Age at interview: 35
Background: Loretta has two children aged two and three and is divorced from their father. She lives in a large city. She is a lawyer and comes from an Anglo-Australian background.
Loretta and her ex-husband were living overseas when they started their family. Becoming parents put their relationship under significant strain, which intensified when their first child was diagnosed with a rare genetic condition. When their second child was eight weeks old Loretta and her ex-husband returned to Australia and separated. Loretta found this period lonely and emotionally very challenging.
Read excerpts from Loretta's interview
> Experiences of miscarriage - Loretta, a mother of two, described how she became depressed after having a miscarriage and dilation and curettage (D&C) overseas before she'd had children. She felt there was a lack of sensitivity toward her from health professionals.
> Social support in early parenthood - Loretta described the 'huge difference' having her mum around made when her second child was a baby and her marriage was ending
> Becoming a parent - impact on identity and close relationships - Loretta whose relationship broke down after having children said parenthood 'held a mirror to what was there before, just I couldn't see it'
> Diverse families - Loretta, a lawyer and single mother of two children, felt strongly about stereotypes of single mums and stay-at mothers
More about Loretta
Loretta met her ex-husband in Australia and soon after they moved overseas where they found 'high-powered' jobs in a large city. Unexpectedly, Loretta had a miscarriage and a subsequent Dilation and Curettage (D&C) which she found traumatic. This experience led her to realise she wanted children and she and her ex-husband conceived soon after.
Once Loretta was pregnant, her relationship with her ex-husband became strained. She described him as acting strangely: staying out all night, hiding things from her, and not turning up for important appointments. Things worsened after their son was born and her ex-husband was subsequently diagnosed with a mood disorder. During her pregnancy and early days as a parent, Loretta said his behaviour caused her great anxiety. She did not talk to family or friends about her concerns, because she did not want to alarm them.
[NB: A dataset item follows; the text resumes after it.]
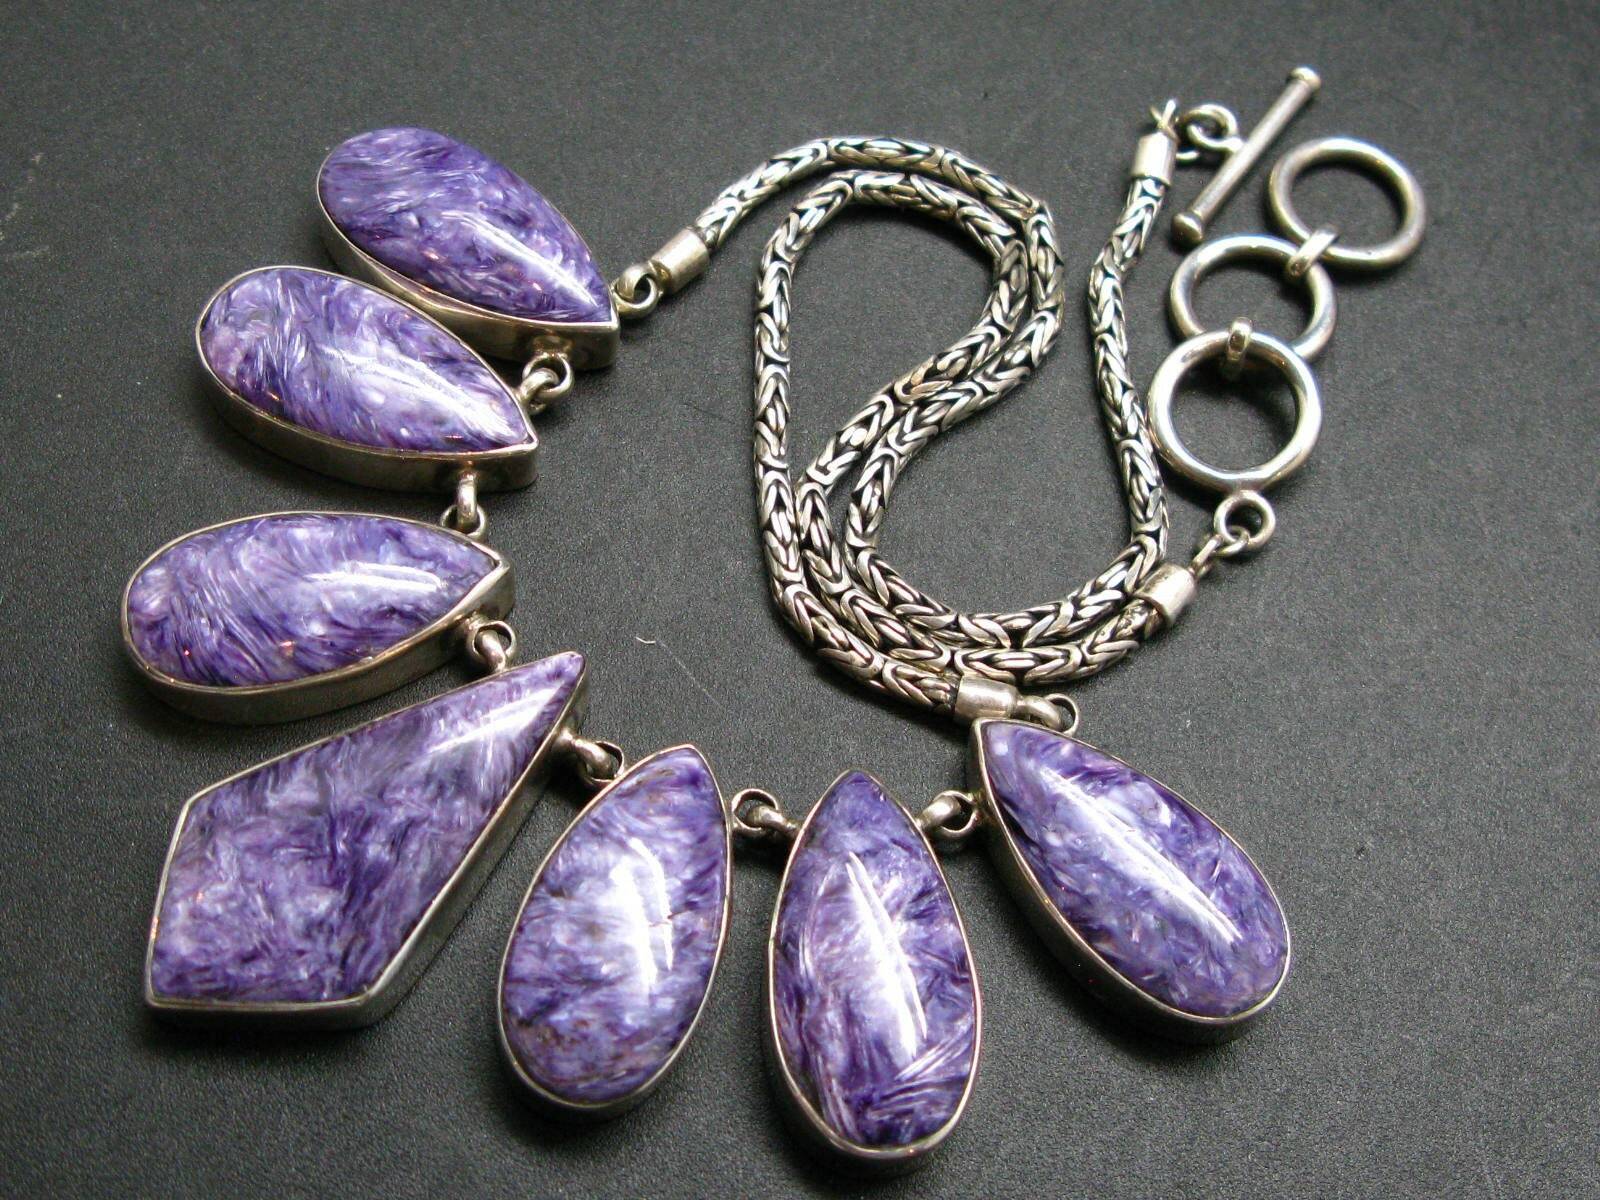 Stunning Silky Charoite AAA Quality Sterling Silver Necklace From Russia

Loretta's son was slow to speak and crawl. During a visit to Australia when he was 10 months old, Loretta's mother expressed concerns about his development. Loretta had her son tested and he was eventually diagnosed with hemi hypertrophy, a rare genetic condition where one half of the body grows faster than the other. The testing process took many months and Loretta used up all of her annual and sick leave.
During this period, Loretta also lacked emotional support. Her ex-husband did not believe there was a problem until they had a confirmed diagnosis, and her family were in Australia. Because the condition is uncommon, Loretta could not find a support group. She eventually found a few blogs and someone whose child had a similar condition. They were able to talk, which gave Loretta 'an immense sense of relief'. Fortunately Loretta's son is on the milder end of the spectrum. Nonetheless, he needed a lot of extra care, and Loretta described this period as stressful and very lonely.
During this time Loretta became pregnant and gave birth to her daughter. She was anxious about her daughter inheriting the same genetic condition, and 'grieving the loss' of both her relationship and her imagined 'perfect firstborn'. She felt emotionally fragile and sad. A week after their daughter was borm, Loretta and her husband seperated. Soon afterwards, Loretta resigned from her job, and she, her ex-husband and their children returned to Australia. Loretta spent her first six weeks on her parents' couch, having nowhere else to go.
Loretta found the experiences of having children in a foreign country, having them so close together, and simultaneously dealing with her son's diagnosis and the breakdown of her marriage 'very dramatic' and incredibly confronting. She had supportive friends overseas, but chose not to share what she was experiencing with many people.
Two and half years on Loretta's life is completely different. She believes strong support from family and friends helped her get through these experiences. Loretta also thinks having children is an isolating event in itself. Her advice to others experiencing similar circumstances is 'to seek any help' and to 'be very, very vocal' about your needs and your children's needs.